Setting up the Spark involves charging the battery, attaching it to the body, and connecting your phone to the Spark’s on-board Wi-Fi. Then, tapping the button on the back of the Spark twice will prompt it to prepare for takeoff. Once it’s airborne, you can extend your arm toward the drone with the palm of your hand facing the device to get it to track your movements. Raising and lowering your arm adjusts the aircraft’s height, while turning your body in a circle with your arm extended signals the drone to revolve around you. You can also wave at the Spark to tell it to fly backwards about 10 feet, or move your palm forward to “push” it away.
When the Spark’s gesture controls work properly, they feel downright magical. But in my testing, the drone didn’t recognize my movements every time when flying indoors. That’s frustrating, especially because the 16-minute battery life doesn’t afford much time for trial and error. (The Mavic Pro, by comparison, advertises 27 minutes of flight time).

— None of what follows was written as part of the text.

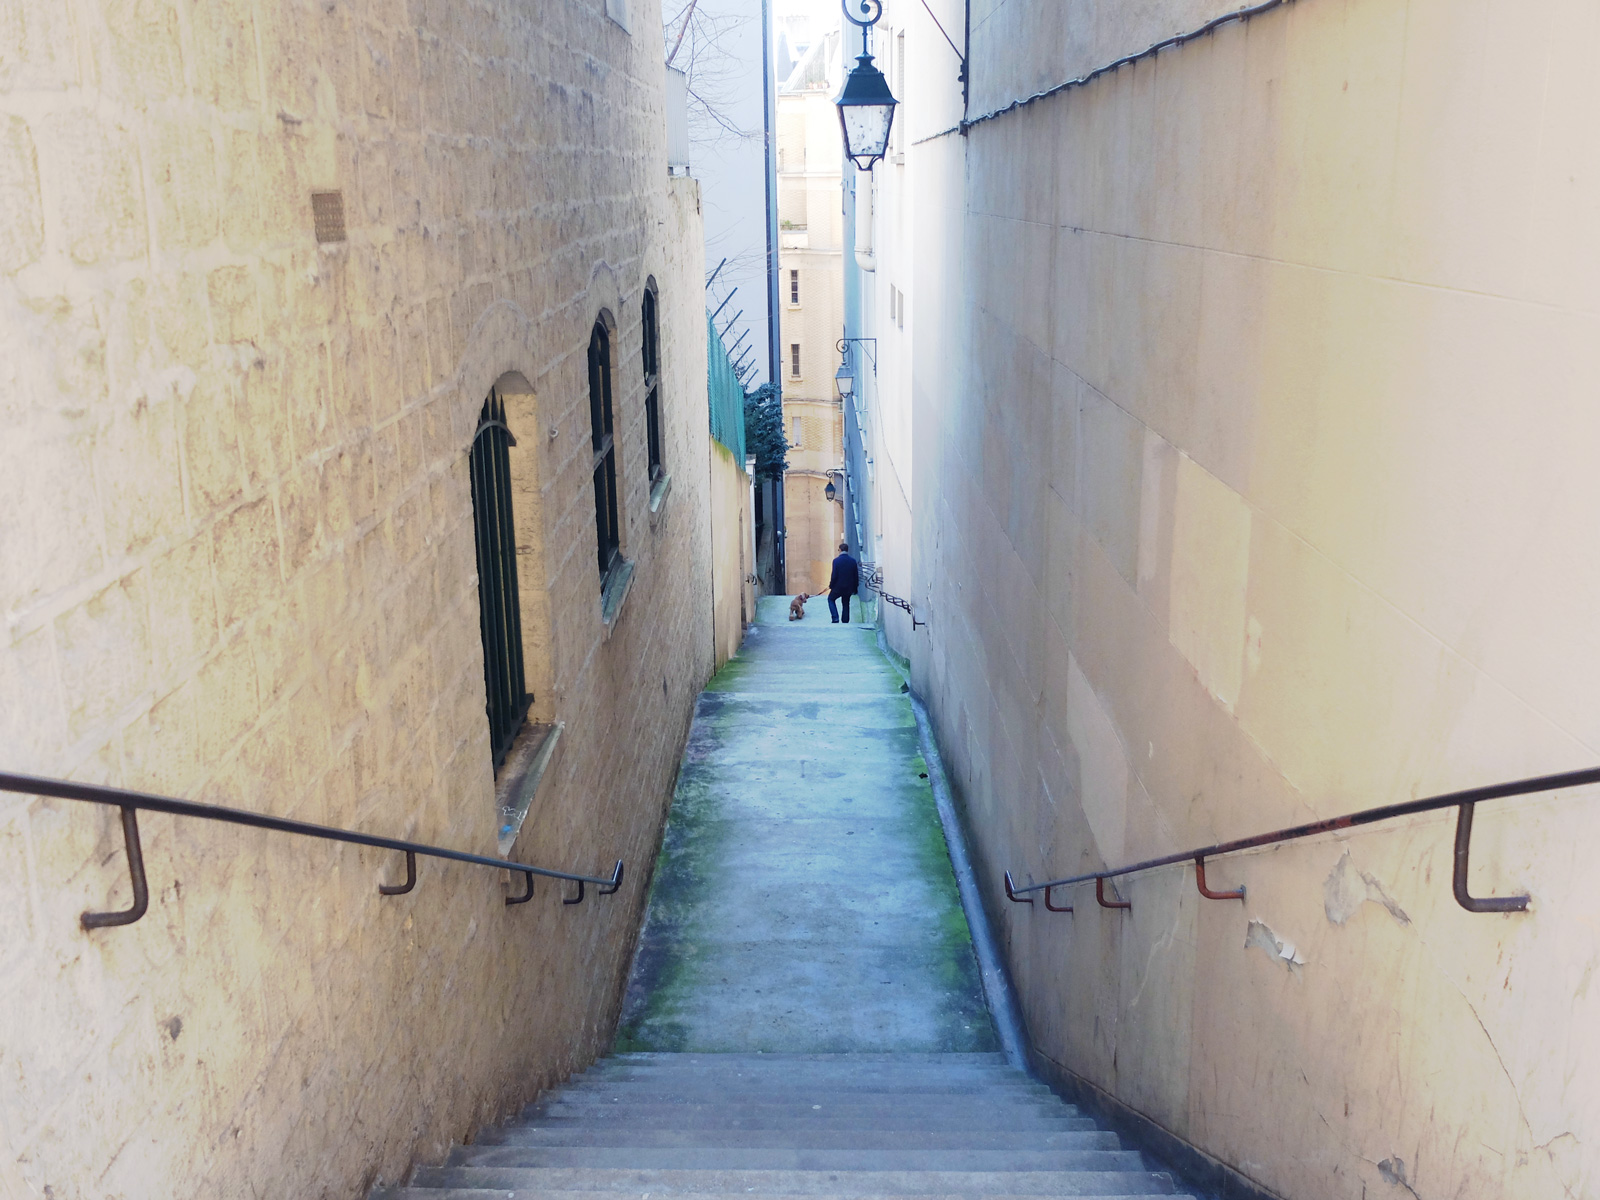 rue-des-eaux2

Launching the Spark from my palm always worked, but it failed to keep track of my hand afterwards roughly half of the time. Results might improve while flying outdoors, but it’s still a disappointment because DJI is advertising indoor use as a notable feature for the Spark. That said, the Spark is good at letting you know when it’s tracking you and when it isn’t: The LED lights on the front of the Spark shift from yellow to green to signal when it’s looking for you versus when it’s successfully interpreted a command. It’s also worth noting that even when obstacle avoidance is turned on, it’s best to fly with caution. During our test, the Spark didn’t have a strong GPS signal (since we were flying indoors), which means we had to fly around objects manually.
While the Spark may not be perfect, it’s certainly a step in the direction of making drones smarter, easier to use, and more portable. You’ll still need to use the smartphone app for precise steering, but the fact that I didn’t even consider using a dedicated controller for the Spark is very telling.